Over the past four decades, technology has played a crucial role in shaping the development of adaptive baseline assessments at Cambridge CEM.
I’m sure many of us might find it difficult to remember those times in education when standardised assessments in schools were paper-based, flat tests and often reliant on teacher-marking.
By harnessing the technology to digitise our assessment content, we made it easier for schools to administer our assessments as well as improving student engagement, accessibility and scalability. This new technology also made it possible for us to reach a larger number of students across the world and enabling the collection of real-time data on student performance.
At Cambridge CEM, this ushered in a new era of interactive and dynamic assessment questions that could adapt based on the students’ responses.
The development of our adaptive assessments has been made possible with sophisticated psychometric models like Item Response Theory (IRT), which means we can build adaptive tests that dynamically select items that are appropriately challenging for each test taker.
The advances in data analysis and psychometrics, powered by advanced statistical software and algorithms, have meant that we have an enhanced capacity to process and analyse large volumes of assessment data.
Technology has facilitated the integration of adaptive baseline assessments with personalised learning platforms and schools’ information management systems. By collecting data on individual student performance, our adaptive assessments support schools in the creation of personalised learning paths, offering tailored instructional content and interventions that align with each student's strengths and weaknesses.
Cambridge CEM has evolved from a small research unit based in the north of England working with just a handful of schools, to being part of Durham University, and now is proudly part of the Cambridge family, an organisation whose qualifications, assessments, academic publications, and original research spread knowledge, spark curiosity and aid understanding around the world.
“We are proud of what Cambridge CEM has helped teachers and students to achieve, and excited about its future."

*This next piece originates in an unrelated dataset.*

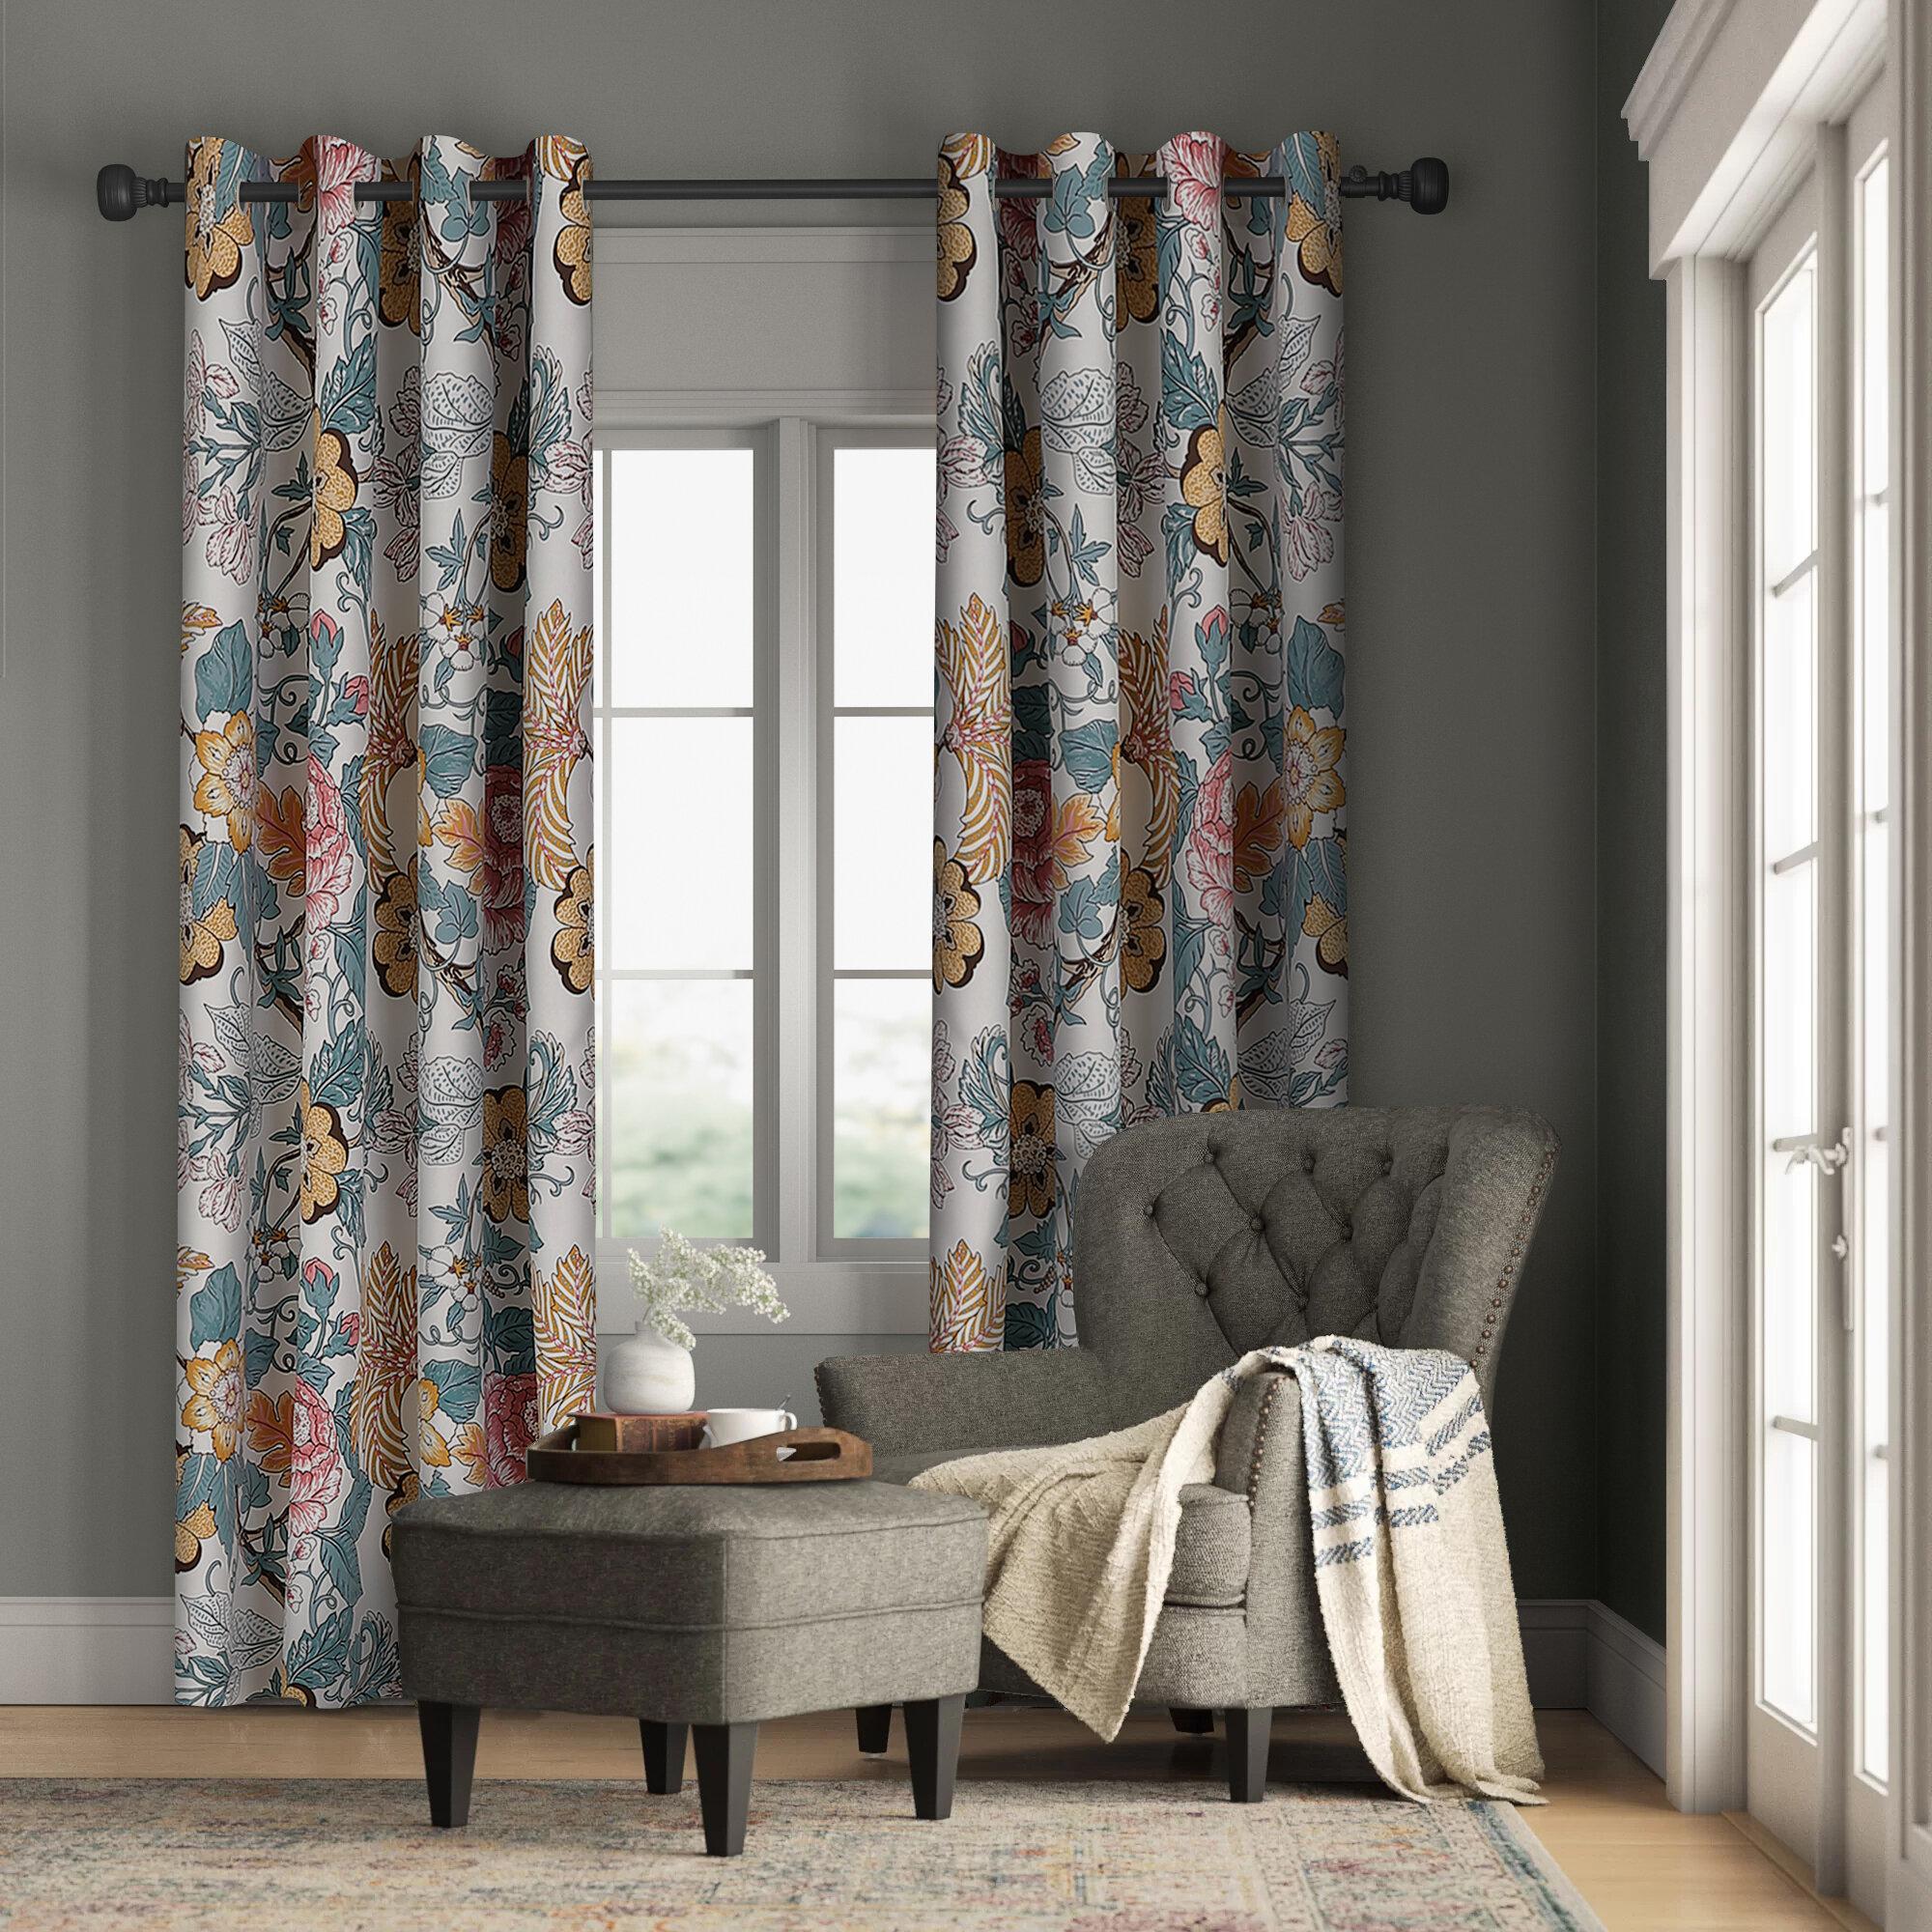 Crookston Floral Room Darkening Thermal Rod Pocket Curtain Panels Reviews Birch Lane
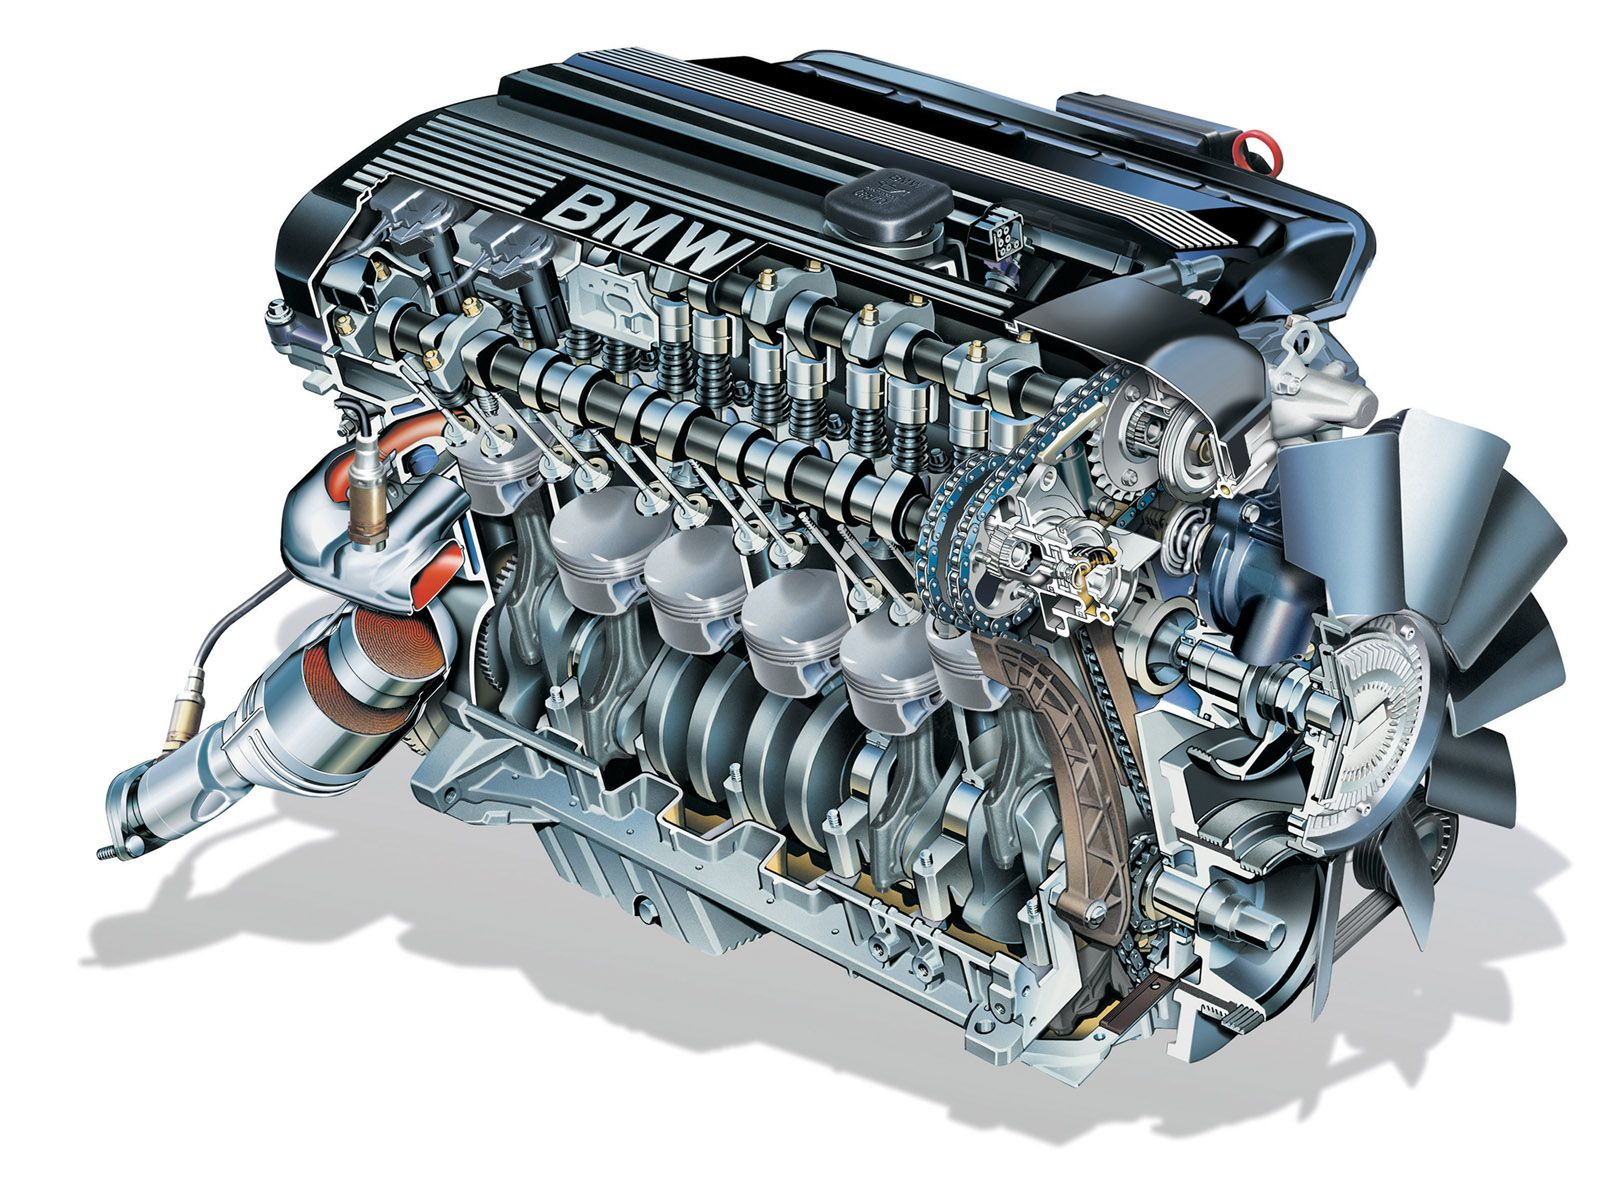 BMW Z4 Roadster Engine Wallpaper

Cambridge CEM now analyses a staggering 43 million data points each year. It is the huge amount of data we gather that gives teachers insight into their students’ abilities and makes our predictions so powerful. It is these predictions that help teachers set ambitious but realistic goals and then create the customised learning pathways to lead to improved outcomes.
Looking ahead, Artificial Intelligence (AI) is expected to play an even more prominent role in the future development of baseline assessments. But will AI become central to the day-to-day routines and processes of teaching and learning?
AI certainly offers many opportunities but should be pursued alongside ethical considerations.
One area of advancement in AI in assessment is around identification and prediction of misconceptions.
Nick Raikes, Director of Data Science at Cambridge University Press & Assessment, explains, “If we ask teachers to label common misconceptions or mistakes in a sample of answers, we might be able to train a model to recognise these so that it could give useful feedback to students attempting the question in future. Machine learning requires quite a lot of training data, though…”
This development in AI could expand our ability to not only assess knowledge and skills but also to identify misconceptions, identify the stage of misconception, predict when mistakes might happen, develop adaptive learning plans, and provide highly specific, immediate, and effective feedback and reasoning about students’ knowledge states.
“Cambridge CEM’s combination of research expertise, data-driven insights and excellence in delivering new technologies means it makes a real difference to educational progress in schools around the world."
Another area in the evolution of assessment may lie in the creation of holistic assessments, which can offer teachers a comprehensive cognitive, non-cognitive and meta-cognitive profile of their students.
Might AI help teachers to identify and measure the specific processes that matter most to better performance for all students across the whole ability spectrum?
Imagine AI-led assessment development that aligns and cross-pollinates the disciplines of psychology, curriculum, psychometrics, and technology which help to analyse students’ motivation, beliefs about learning, their attitudes to themselves and others, their approaches to learning and the varying psychological constructs that explain the variance in achievement.
Imagine an accurate, large-scale, cost-effective, time-saving pathway for truly personalised learning that gives primacy to the role of the educator and enhances the human experience of schooling.
Peter Phillips, Chief Executive of Cambridge University Press & Assessment, said: “We are proud of what Cambridge CEM has helped teachers and students to achieve, and excited about its future. Cambridge CEM’s combination of research expertise, data-driven insights and excellence in delivering new technologies means it makes a real difference to educational progress in schools around the world.”
After 40 years of assessment development, Cambridge CEM’s aims remain unchanged – to continue our commitment to harnessing the best technological solutions, to support teachers and create tools that generate insights and facilitate data-driven decision-making.